Currently the portage ebuild (that is, the standard Gentoo ebuild for the sys-apps/portage application in the tree formerly known as gentoo-x86) has a dependency like: DEPEND="apidoc? ( dev-python/sphinx dev-python/sphinx-epytext )" which fails to capture the requirement that dev-python/sphinx-epytext needs to be built against the same python that will be used by the sys-apps/portage ebuild to process the api documentation. Otherwise the standard "emerge sys-apps/portage" can crash pretty easily. As an example, this just failed for me. What I (think) occured: o I formerly had apidoc useflag disabled (now I enabled) o I had a bare dev-python/sphinx-epytext atom in @world o dev-python/sphinx PYTHON_TARGETS was exactly: "python3_7 python3_8" o sys-apps/portage PYTHON_TARGETS was exactly: "python3_7 python3_8" o dev-python/sphinx-epytext PYTHON_TARGETS was* exactly "python3_7" (I'm guessing that) sys-apps/portage ebuild tried to build apidoc during python_install_all. Meaning, since in my sys-apps/portage, PYTHON_TARGETS USE_EXPAND is effectively "python3_7 python3_8", this used the python3_8 EPYTHON. But since nobody told me (the end-user) to enable the python_targets_python3_8 use-flag for the dev-python/sphinx-epytext ebuild, I got an ebuild crash during src_install (sphinx complained, no epytext installed). Kind of tricky... or maybe I'm just not thinking of an elegant way to do it. I can think of these solutions in order of increasing personal preference: o overspecify the sphinx-epytext requirement using all the portage impl's (but this will lead to falsely-irreconcilable PYTHON_TARGETS dependencies in sys-apps/portage, if at any time sphinx-epytext fails to support every python impl that portage supports) o A hand-coded fail & bail during pkg_setup. o use built_with_use (if that's still a thing?) to determine at run-time which PYTHON impl can be used to successfully build the apidocs, and move this out of All kinda suck. The '100% correct' solution, I guess, would be to somehow calculate the native python implementation during dep-solving and feed that to the DEP="$(python_gen_cond_dep 'dev-python/sphinx-epytext[${PYTHON_USEDEP}]' ${native_python})" ... if that's even legally doable? -- * disclaimer: This particular situation was due to pointless upgrade-cruft. But one could imagine a legit reason for an analogous config, either now, or, especially, in some plausible gentoo future.

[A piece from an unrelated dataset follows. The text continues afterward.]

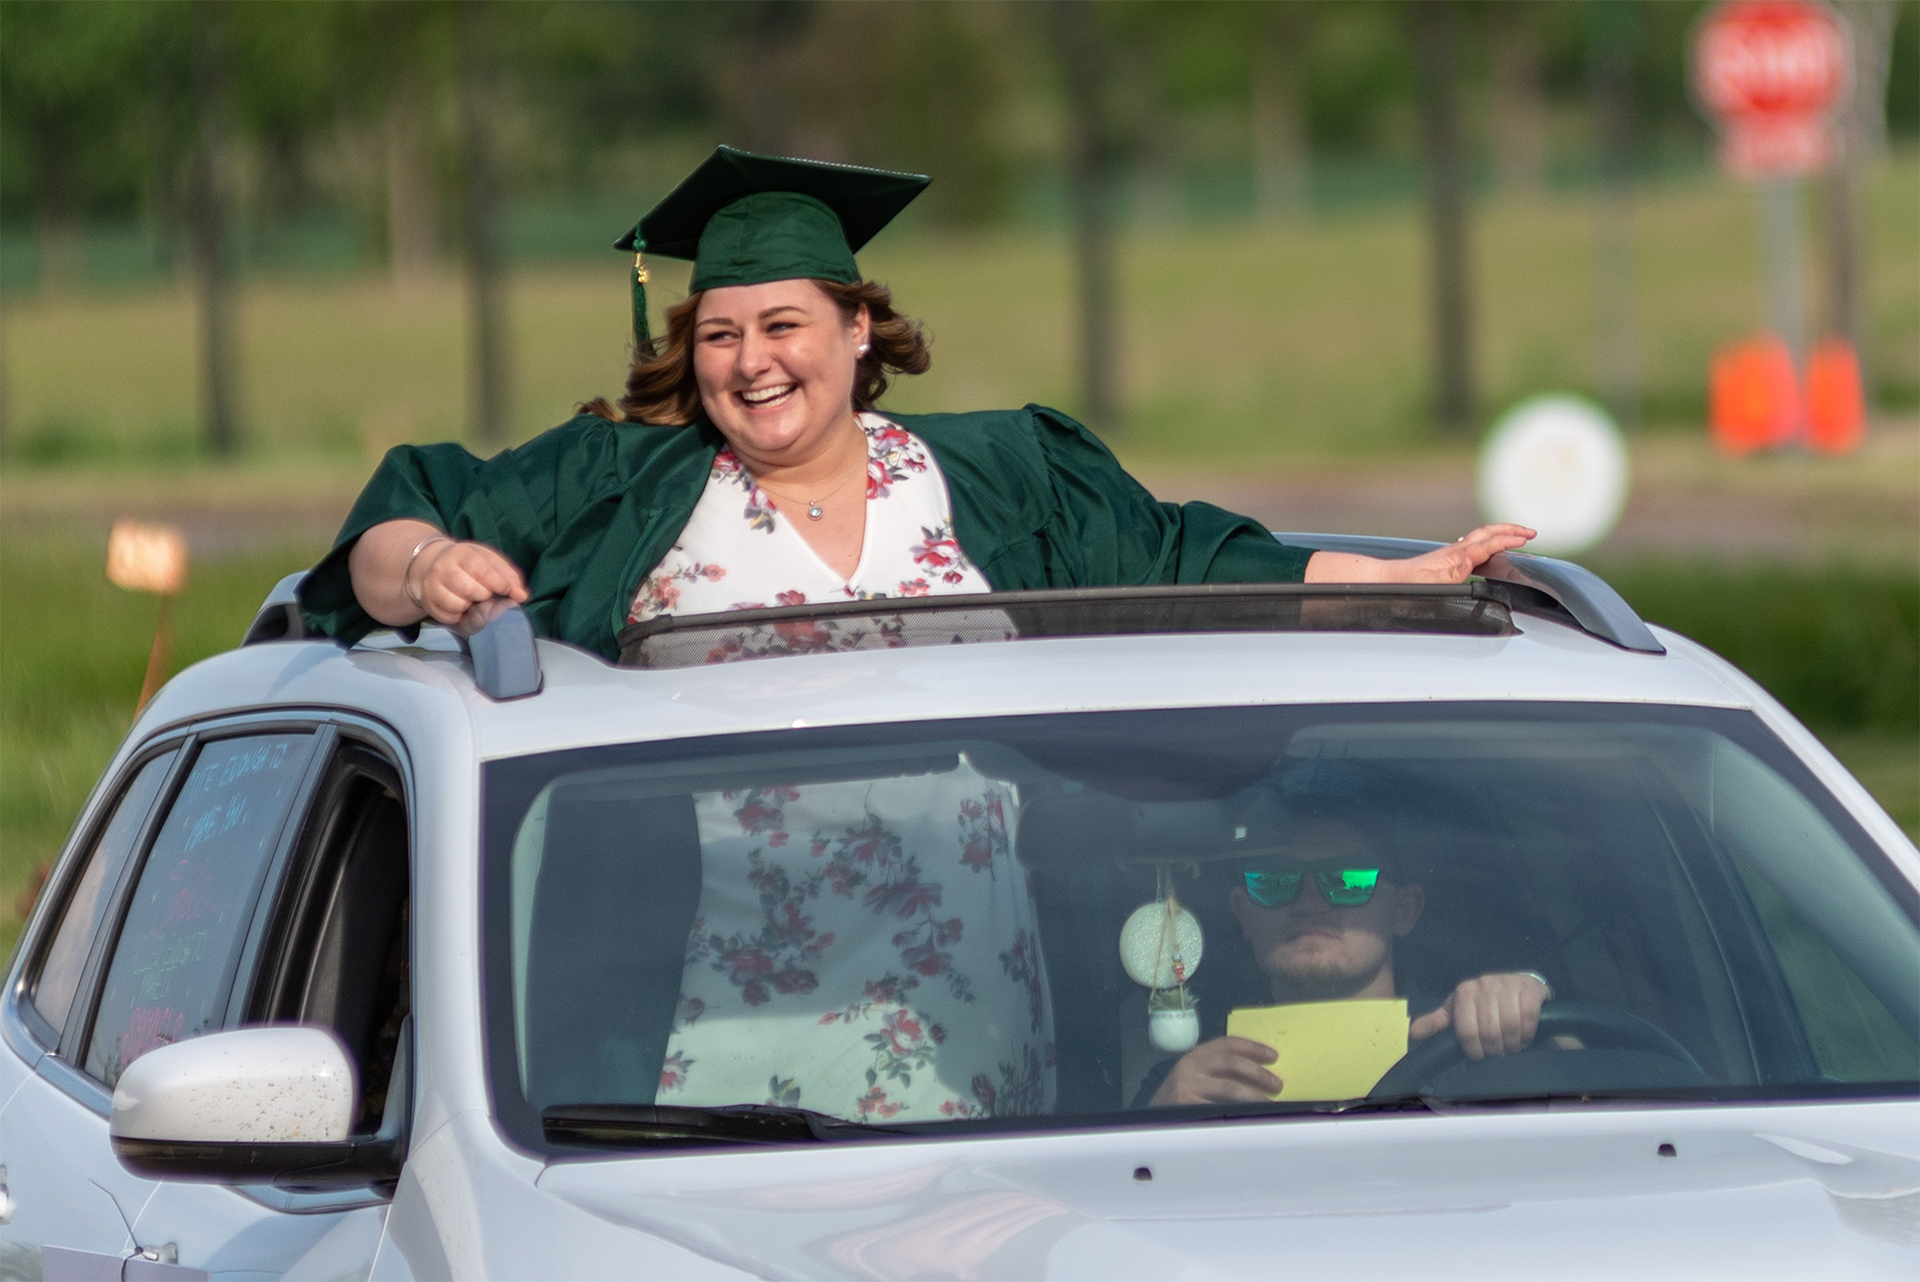 Student in car at Cruise-in Commencement

(In reply to Greg Turner from comment #0) > o use built_with_use (if that's still a thing?) to determine at run-time > which PYTHON impl can be used to successfully build the apidocs, and move > this out of oops, meant to say, move this out of python_install_all and into python_install... or something like that.

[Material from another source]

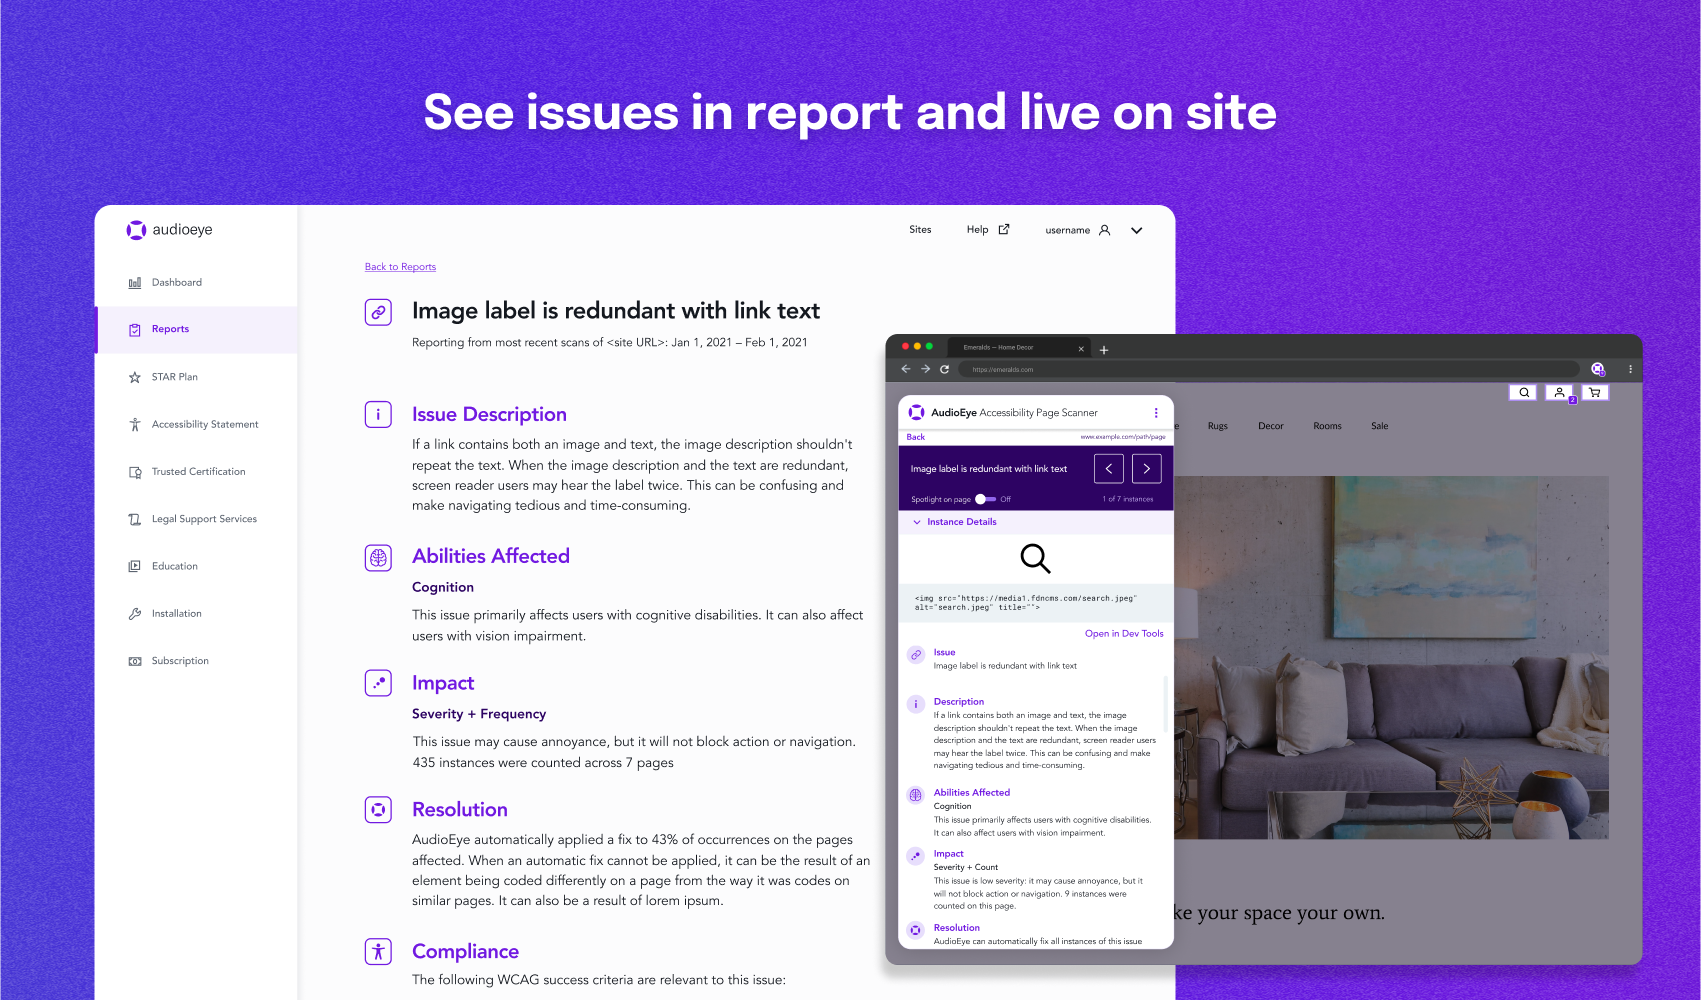 See issues in report and live on your site

hmm... see my complaint below about "should depend on dev-python/sphinx[${PYTHON_USEDEP}] dev-python/sphinx-epytext[${PYTHON_USEDEP}]". This means that the entire menu of PYTHON_COMPAT choices in sys-apps/portage must be brought to dev-python/sphinx{,-epytext} ebuilds. It just so happens that at the moment dev-python/sphinx and dev-python/portage have identical PYTHON_COMPAT. But already sphinx-epytext is missing pypy3, and honestly, the burden of keeping these all in sync seems too high given that ultimately, only a single python impl actually needs to work to get the job done. I'm guessing that's how things got this loose in the first place :) I think the way to cut this particular gordian knot is just to figure out, ahead of time* the "best" impl in the disjunction of the set of sphinx-epytext built-with-use impls** and currently-active (in portage ebuild) PYTHON_TARGETS. Best, here, I suppose, could be decided like by multibuild_for_best_variant. Geez, it's a bit scary, the more I think about it. Perhaps this kind of magic belongs in python-utils-r1.eclass alongside build_sphinx() or something. Or perhaps the "bug" is even more tolerable than any available solution...? -- *i.e., probably during pkg_setup (or maybe pkg_pretend? But I suspect it must be the former) **note that this alone should indirectly enforce any corresponding PYTHON_USEDEP-ish requirement in dev-python/sphinx via the standard usedep reverse-waterfall.
Pretty ancient + pretty obscure lookin'. It's as useful closed as open imo.